Tech e social? Nulla di più politico. Garry Kasparov, accanito avversario di Vladimir Putin, in un'intervista a Repubblica ha citato Pavel Durov come un esempio perché è riuscito a sfuggire alla presa soffocante del Cremlino: il presidente e i suoi avevano fino a pochi giorni fa vietato Telegram, proprio perché crittografato e incontrollabile, ora però, «hanno dovuto togliere il blocco perché è molto usata dagli stessi membri del regime. La tecnologia in qualche modo trova sempre il modo di sfuggire alle dittature».
In un contesto del tutto diverso anche Mark Zuckerberg fondatore e proprietario di Facebook è nel pieno di una furibonda battaglia politica. Solo pochi giorni fa il New York Times ha preso di mira una sua cena riservata con Donald Trump che risale all'autunno scorso.
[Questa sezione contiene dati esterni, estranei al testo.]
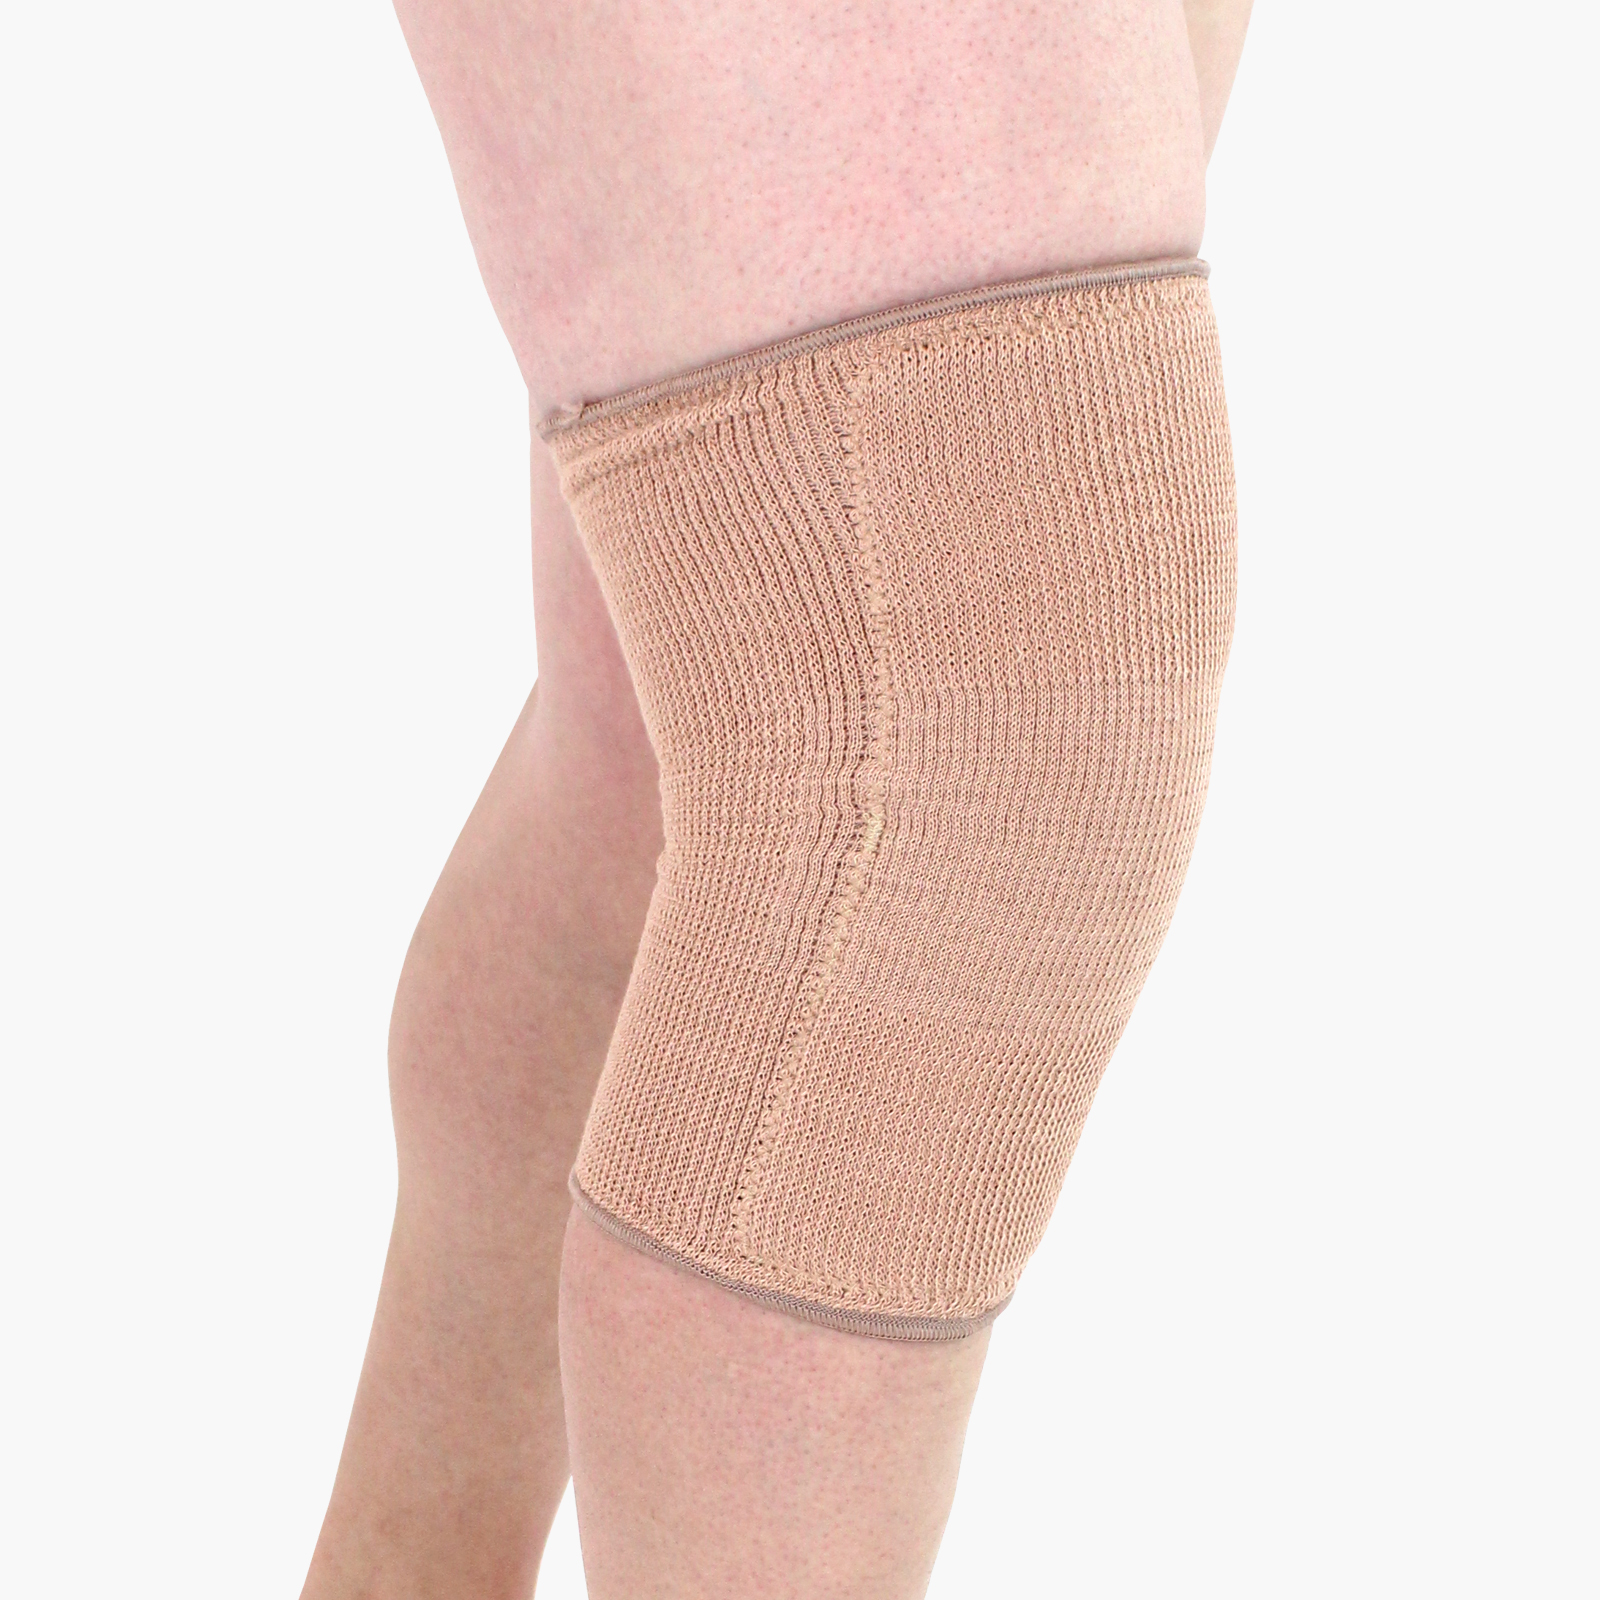 Arthritic Knee Sleeve - Beagle Orthopaedic

Era il periodo in cui una candidata alle primarie democratiche, Elizabeth Warren, aveva esplicitamente chiesto lo spezzettamento del colosso dei social, accusato di pratiche monopolistiche. Per Zuckerberg un appoggio politico «stava diventando questione di vita o di morte», ha scritto il quotidiano americano che ha sottolineato il paradosso di Facebook, con nemici agguerriti sia a sinistra che a destra dello spettro politico: «I democratici lo odiano e ne diffidano perché diffonde la disinformazione di destra e ha aiutato a eleggere Trump. I repubblicani lo odiano e ne diffidano perché è gestito da un gruppo di liberal californiani e perché ogni tanto cancella dalle sue pagine un po' di tesi della destra estrema».
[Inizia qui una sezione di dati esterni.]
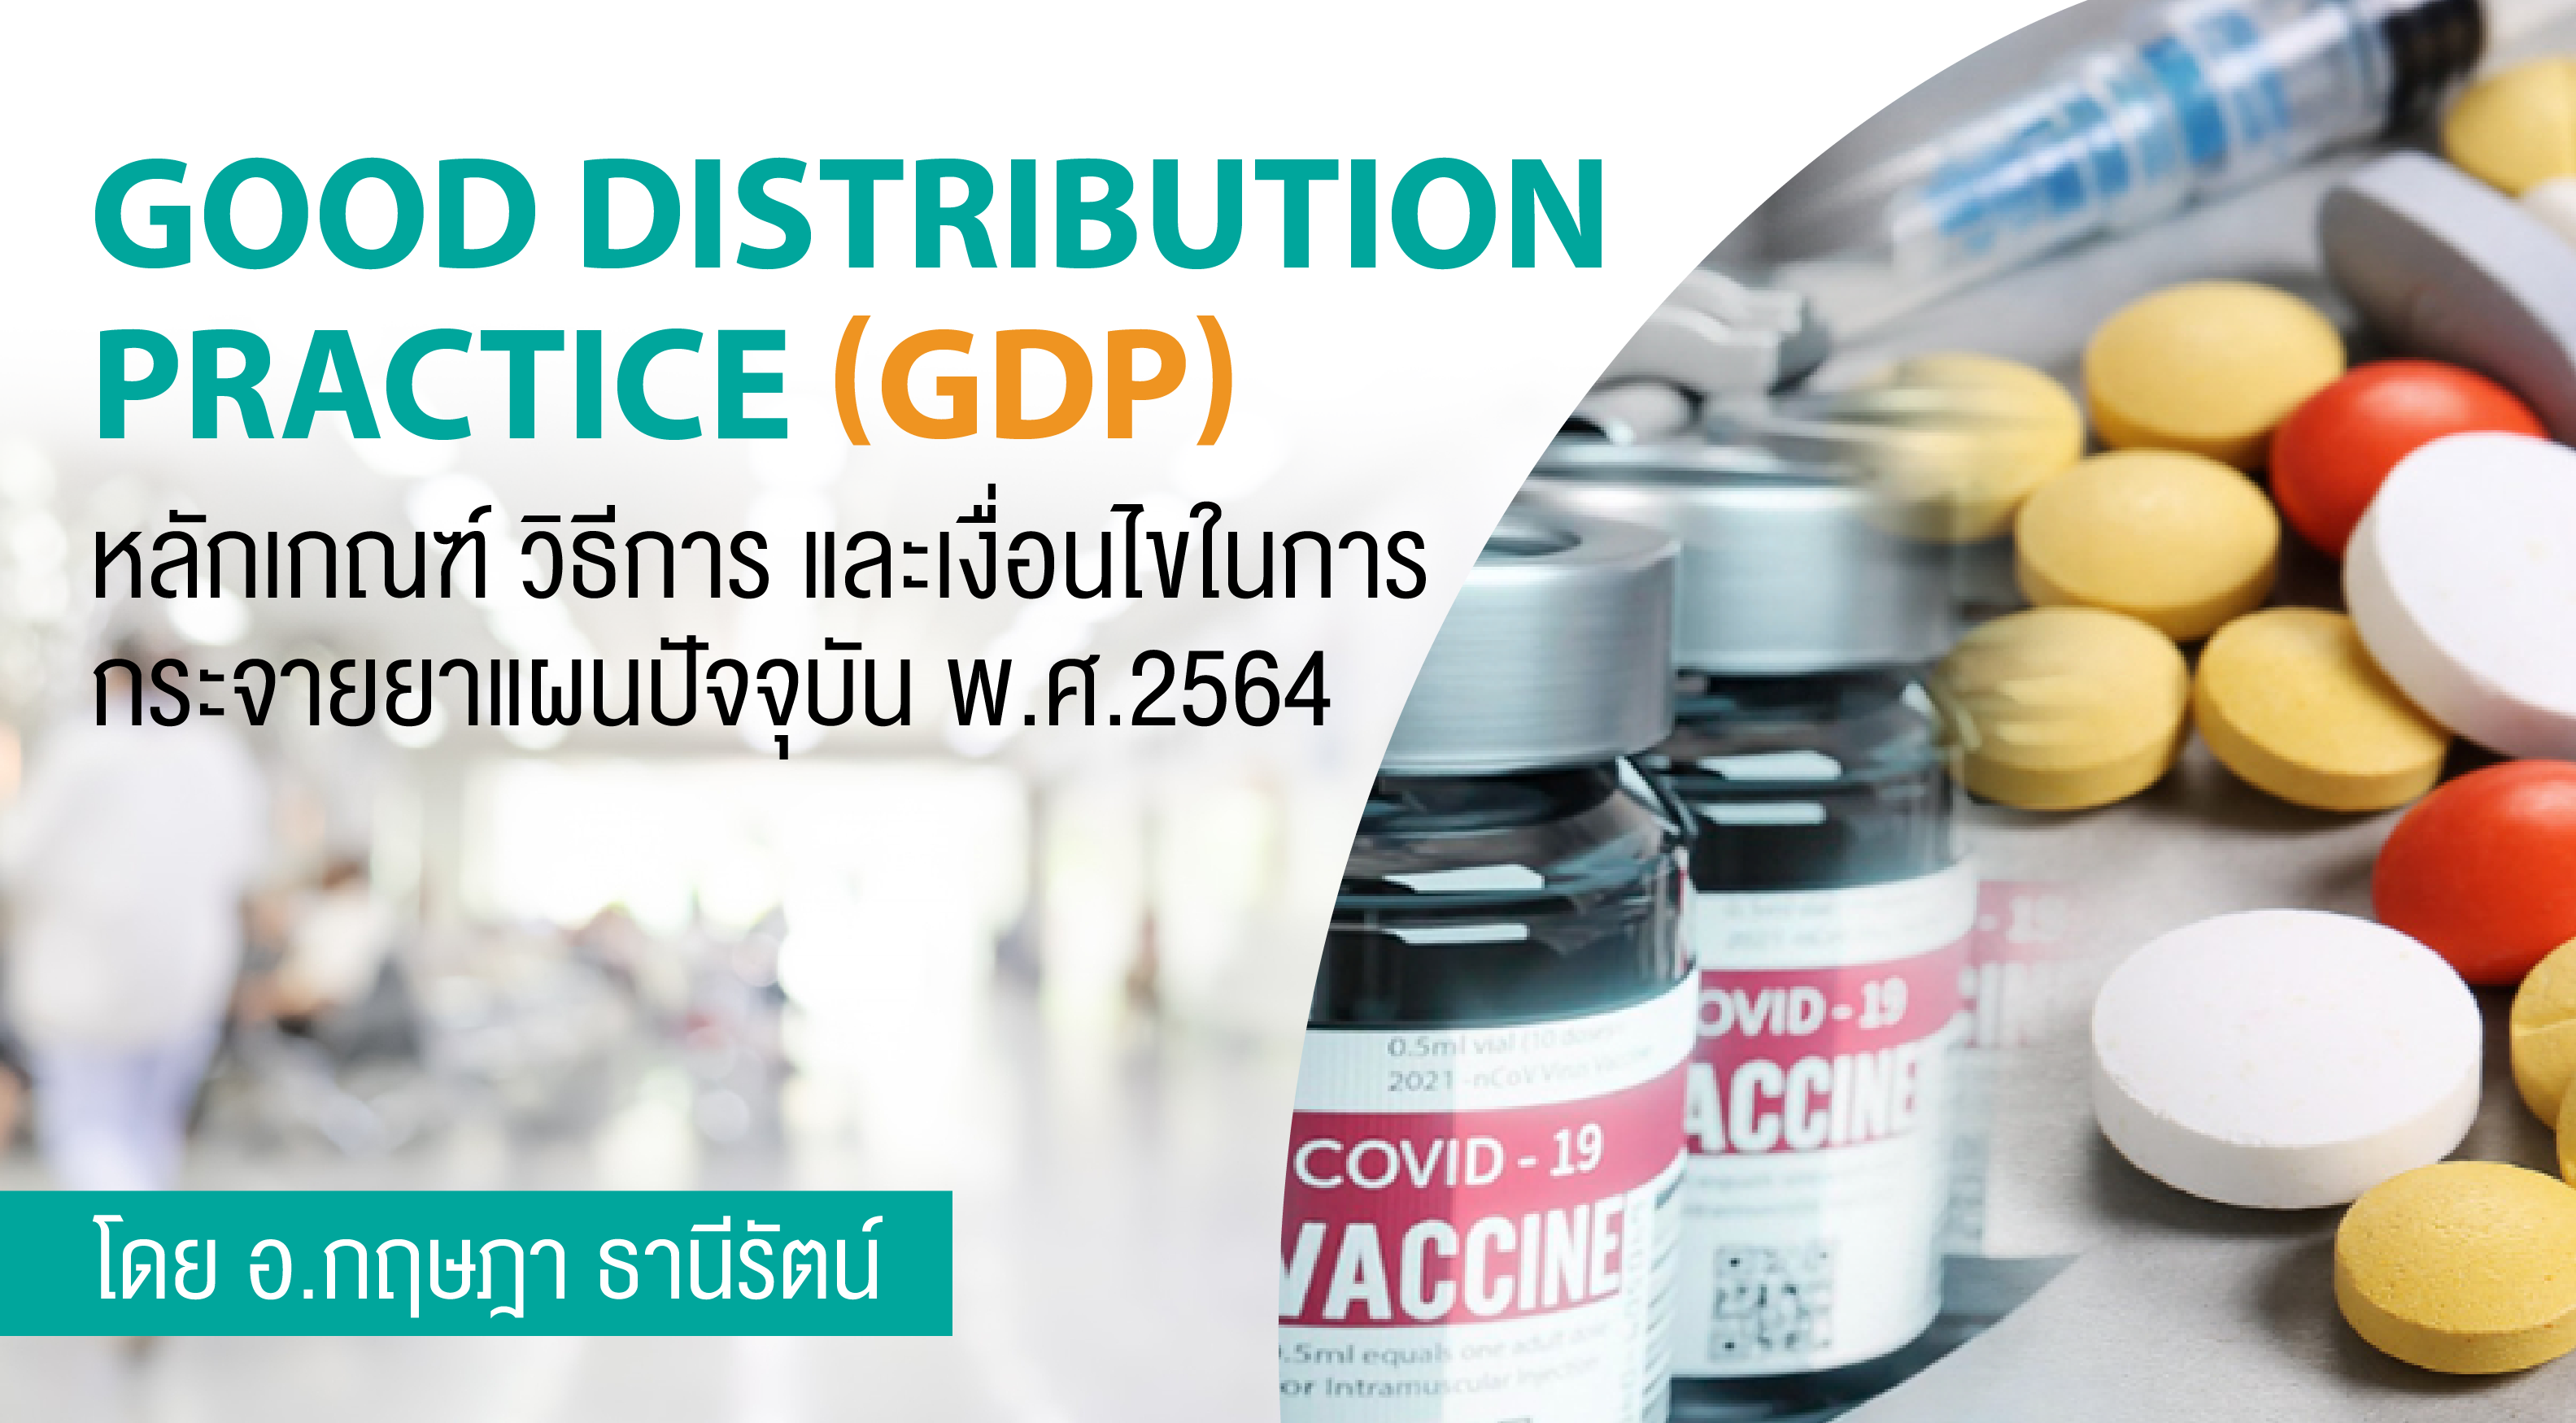 ข้อกำหนด Good Distribution Practice (GDP)

In questo quadro anche la politica scelta da Zuckerberg nei confronti delle sparate di Trump è diventata oggetto di polemica. «Non penso che sia giusto per una società privata censurare politici o le notizie che circolano in una democrazia», ha chiarito il fondatore di Facebook. Così la società, a differenza di Twitter, non blocca le dichiarazioni del presidente anche quando fattualmente inesatte. Solo in una circostanza Facebook si è mossa, quando un post della campagna per la rielezione dell'inquilino della Casa Bianca, ha ripreso un simbolo utilizzato anche da gruppi nazisti.
Per la destra un'apprezzabile interpretazione del proprio ruolo di «piazza virtuale», destinata a rimanere neutrale sui contenuti. Per la sinistra, invece, un'inaccettabile acquiescenza di fronte alle fake news presidenziali.